Yerlerde anti statik madde kullanılarak müşterilerin elektriklenip sinirlenmemeleri sağlanıyor.
Bazı marketler özellikle Amerika’da bir köşeye çocuklar için oyun alanı yaratıyor ve anne-babanın rahat alışverişi yapmasını sağlıyor.
Bazı restaurantlar yermek kokusunu sokağa vererek insanların canını çektirmeye çalışırlar. Marketlerdeki kozmetik bölümleride bedava makyaj yada parfüm denemeleri yaptırarak bu tarafımızı tetiklemeye çalışırlar.
Göz hizanıza koyulan ürünler için satıcı firmalardan ekstra prim,iskonto ve ücretler alıp fiyatları daha düşük tutabilirler. Ayrıca merdiven,kasa önü gibi insan gözünün değdiği her alanı değerlendirirler.
Sezon kapanışı,tadilat vb. bahanelerle müşterilerin ucuz zaafları tetiklenir.
Ödeme yaptığınız anda size çeşitli broşürler ve özellikle kendi broşürlerini vererek sonraki alışverişinizi ayarlamaya çalışırlar.
Marketlerin tam girişinde çok güçlü ve büyük bir poster yada ürün satışı görebilirsiniz. Bunun amacı sizi ilk girişte biraz olsun durdurmaktır.
Açık mor renk insanlara para harcattıran renk olarak kullanılır.
Popüler ve çok satılan ürünlere daha kolay erişiminiz sağlanır. Popüler ve talep edilen ürünlerin yaklaşık tüketim süreleri düşünülerek müşterinin bir sonraki gelişinde neyi talep edeceği kestirilmeye çalışılarak mağaza düzenleri dinamik olarak değiştirilir.
Tekrarlayan sloganlarla sizdeki imajlarını sürekli güncel tutmaya çalışırlar.
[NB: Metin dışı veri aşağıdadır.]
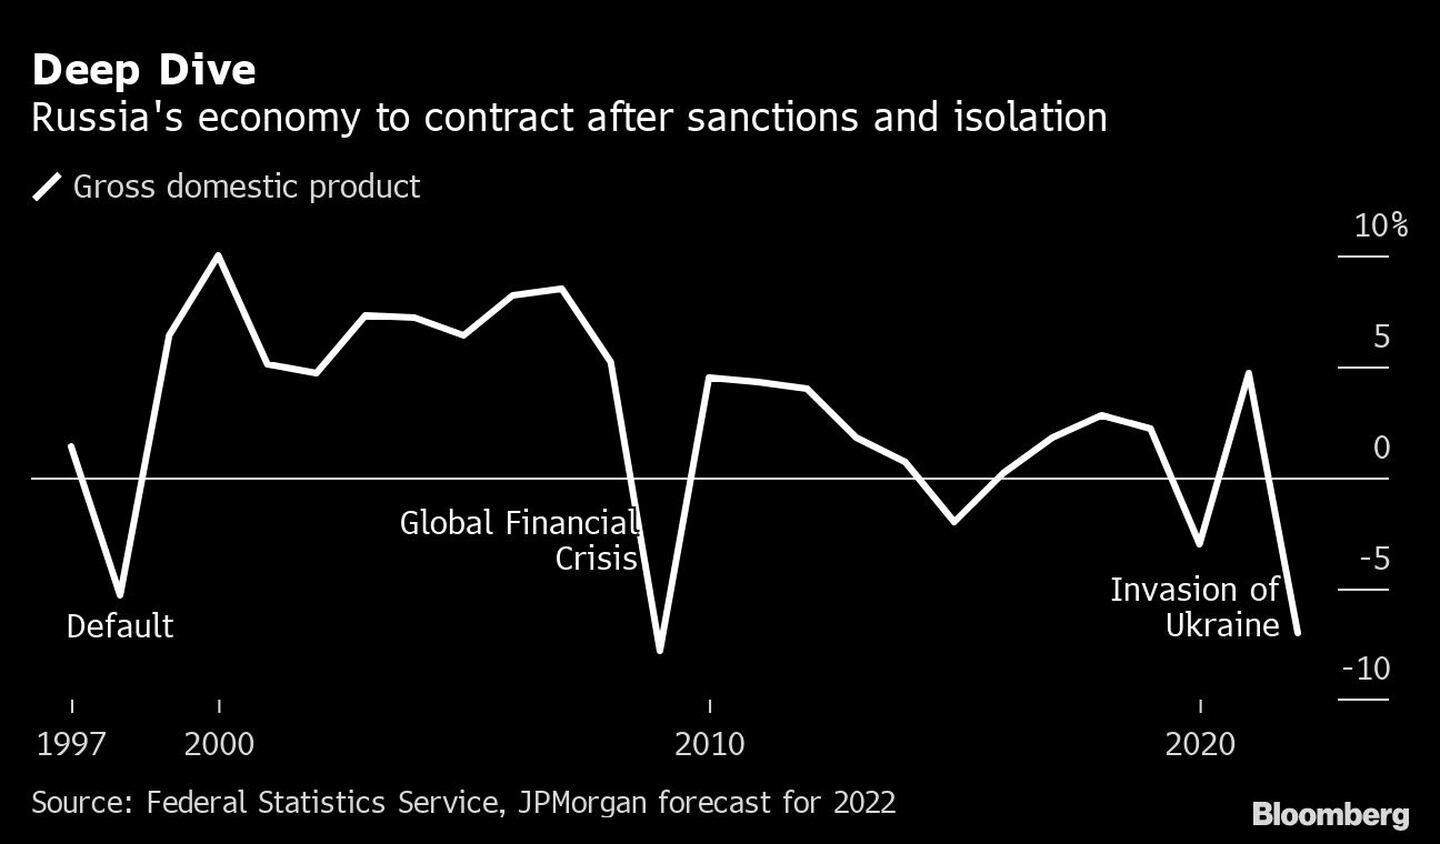 Mergulho profundo: a economia russa deve contrair após sanções e isolamentodfd
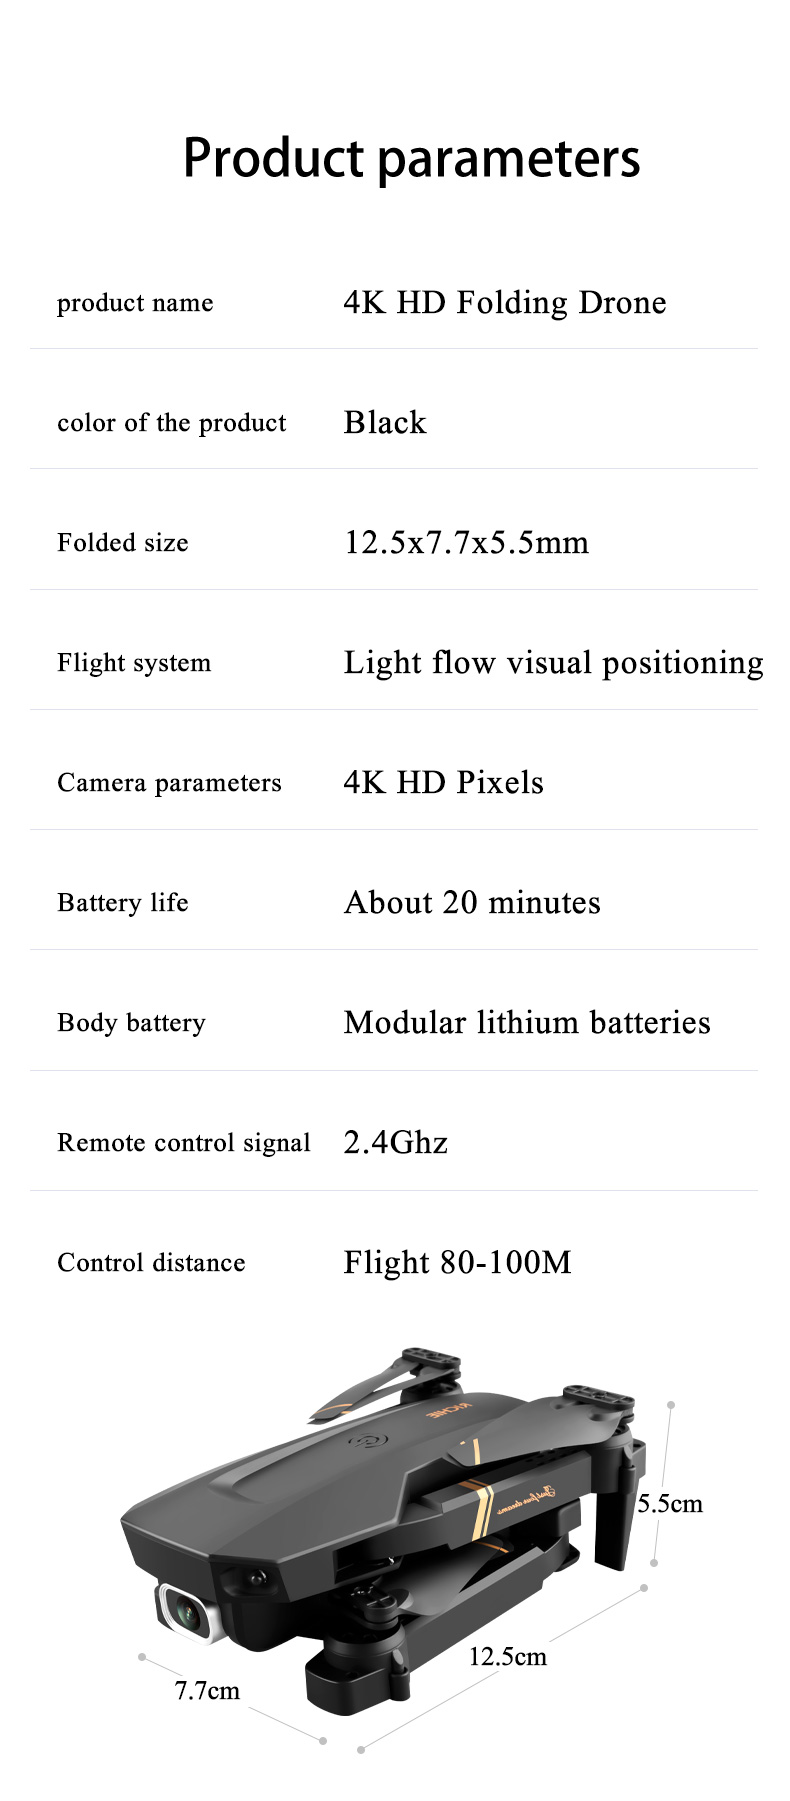 ข้อมูลเกี่ยวกับ Seamo Store กล้องคู่ V4 โดรน 4K HD การถ่ายภาพทางอากาศการควบคุมระยะไกลเครื่องบินพับสี่แกนเครื่องบินนักเรียนเฮลิคอปเตอร์ของเล่น

Dikkat edin kapı girişlerinde yada promosyon duyurularında aynı dil hakimdir.
Büyük alışveriş merkezlerinde tuvalet,mescit ve dinlenmek için oturaklar kullanılır ki müşteri hem başka ihtiyaçlarını karşılayabileceğini bilsin,gerektiğinde dinlenebilsin hem de alışveriş konsantrasyonunu dışarı çıkarak kaybetmesin.
Pahalı bölümlerde küçük yer karoları kararın hızlı verilmesini sağlarken büyük yer karoları yavaşlatmaktadır.
Fast food firmalarındaki hızlı müziğin aksine içeride çok kalınması istendiği için ya çok yavaş yada hiç müzik çalınmamaktadır. Çalınan müzik müşterinin rahat düşünebilmesi için söz içermez.
Erkek ürünleri üst katta olur. Bayan ürünleri katından geçerek erkek katına çıkılır ve geri dönerken yine oradan geçilir. Amaç erkeklerin bayan arkadaşlarına ya da eşlerine de bir şeyler alabilmelerini sağlamaktır.
Bazı mağazalar yere çizdikleri yönlendirmeler ile yada mağaza içi dizayn ile sizi mağazanın tamamını gezdirirler.
Sizi dış dünyadan koparmak için asla pencere konulmaz.
Ya işte böyle,şimdi marketlere gittiğinizde biraz daha dikkat edin bakalım dediklerimi yakalayabilecek misiniz?